■ Data to examine:
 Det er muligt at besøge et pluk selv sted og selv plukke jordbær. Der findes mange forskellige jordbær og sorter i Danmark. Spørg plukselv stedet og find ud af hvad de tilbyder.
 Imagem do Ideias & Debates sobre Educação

==

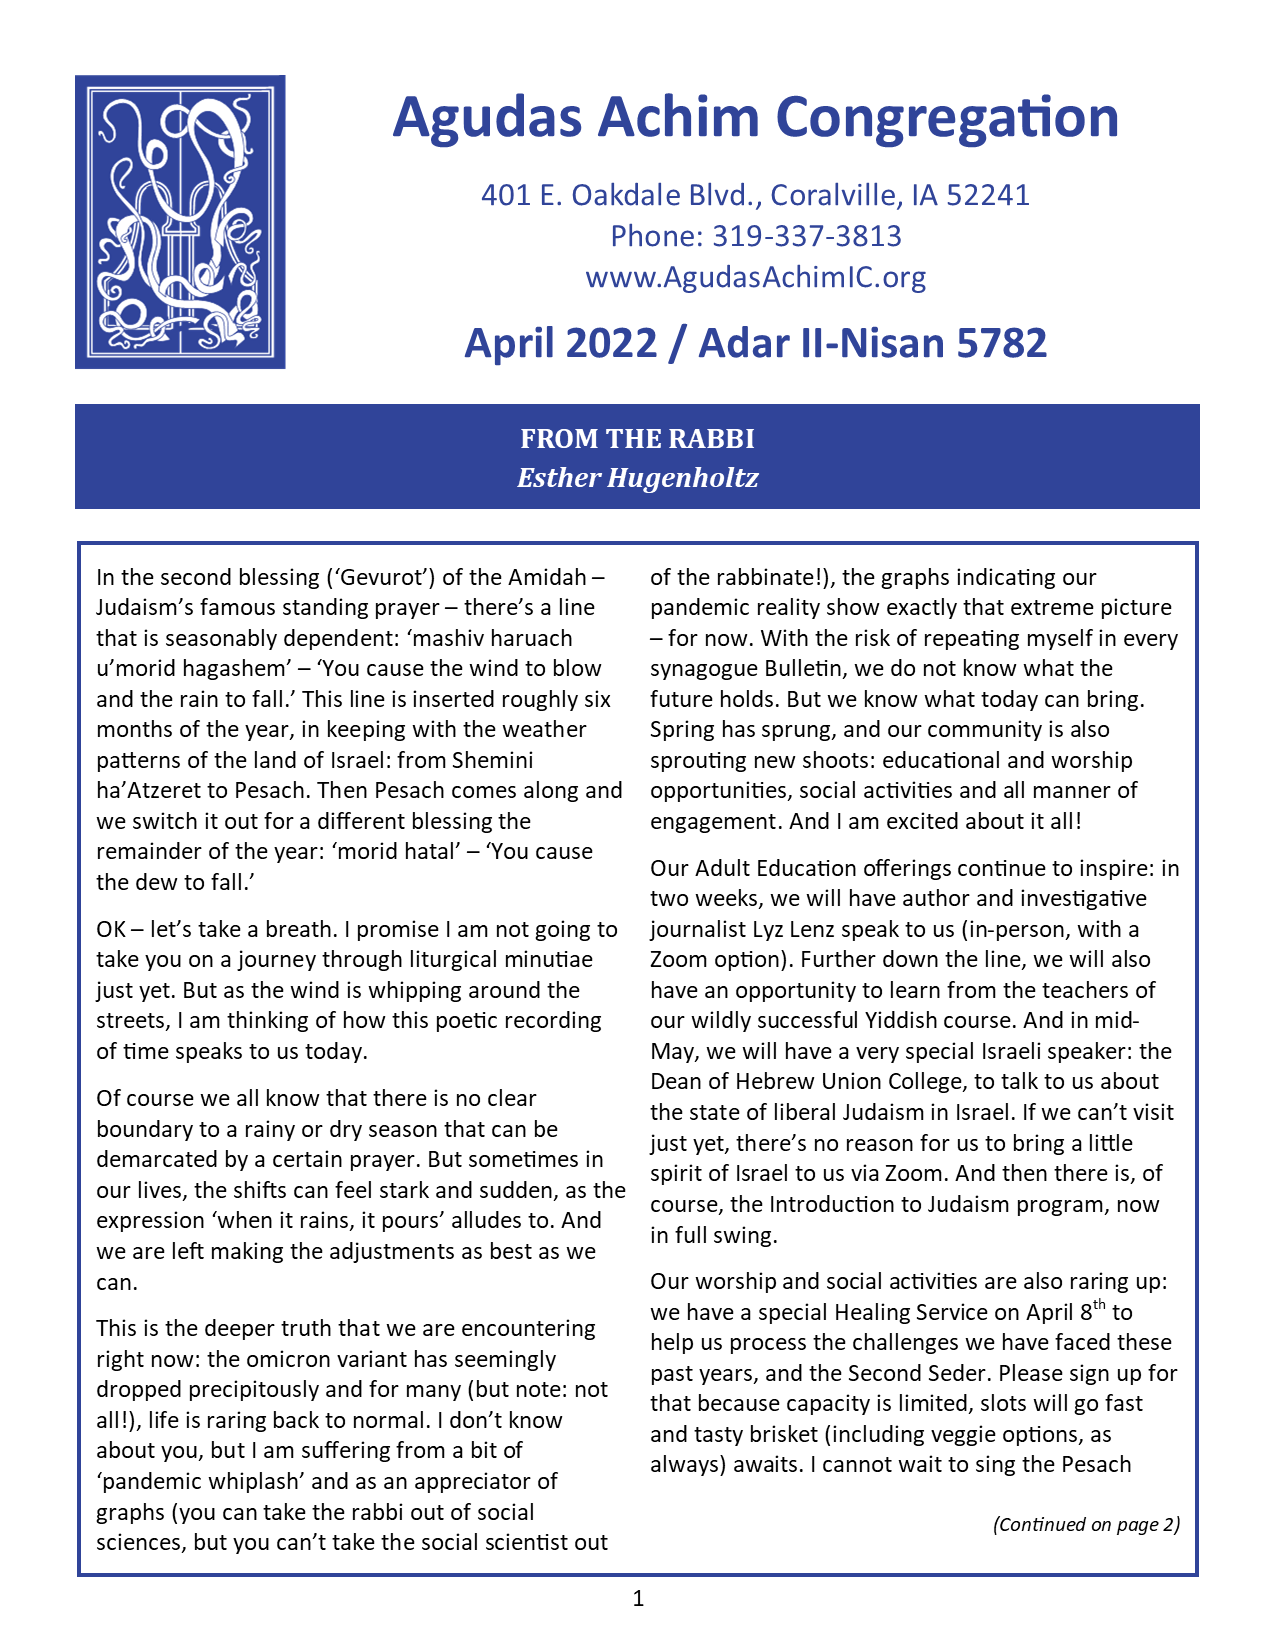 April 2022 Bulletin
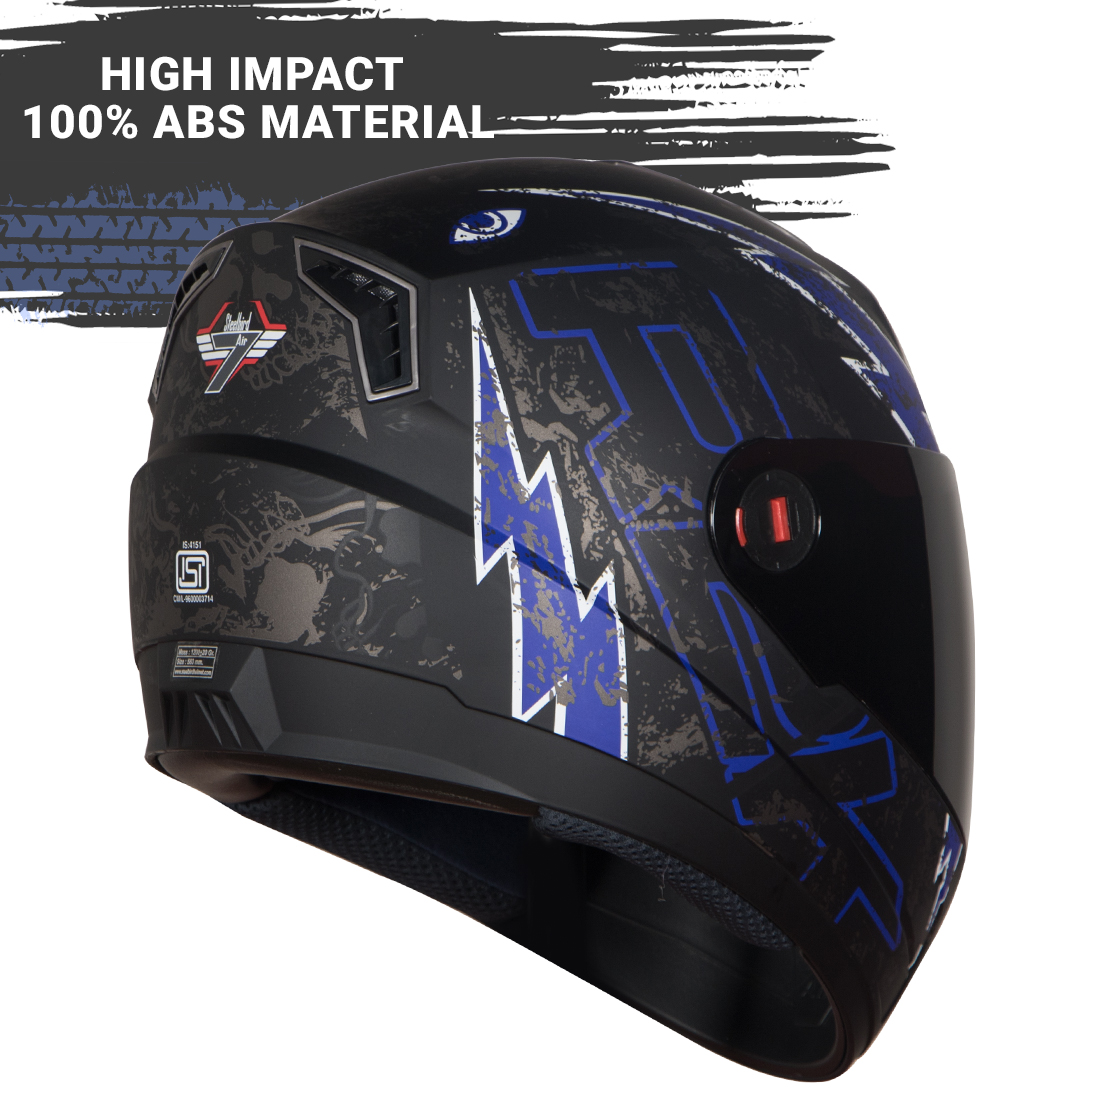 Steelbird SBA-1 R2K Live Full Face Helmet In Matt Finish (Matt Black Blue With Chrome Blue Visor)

■ Exercise instructions: Of all the entries above, output exactly the lines between the one holding "Det er muligt" and the one holding "Imagem do Ideias & Debates sobre Educação", inclusive.

■ Exercise answer:
 Det er muligt at besøge et pluk selv sted og selv plukke jordbær. Der findes mange forskellige jordbær og sorter i Danmark. Spørg plukselv stedet og find ud af hvad de tilbyder.
 Imagem do Ideias & Debates sobre Educação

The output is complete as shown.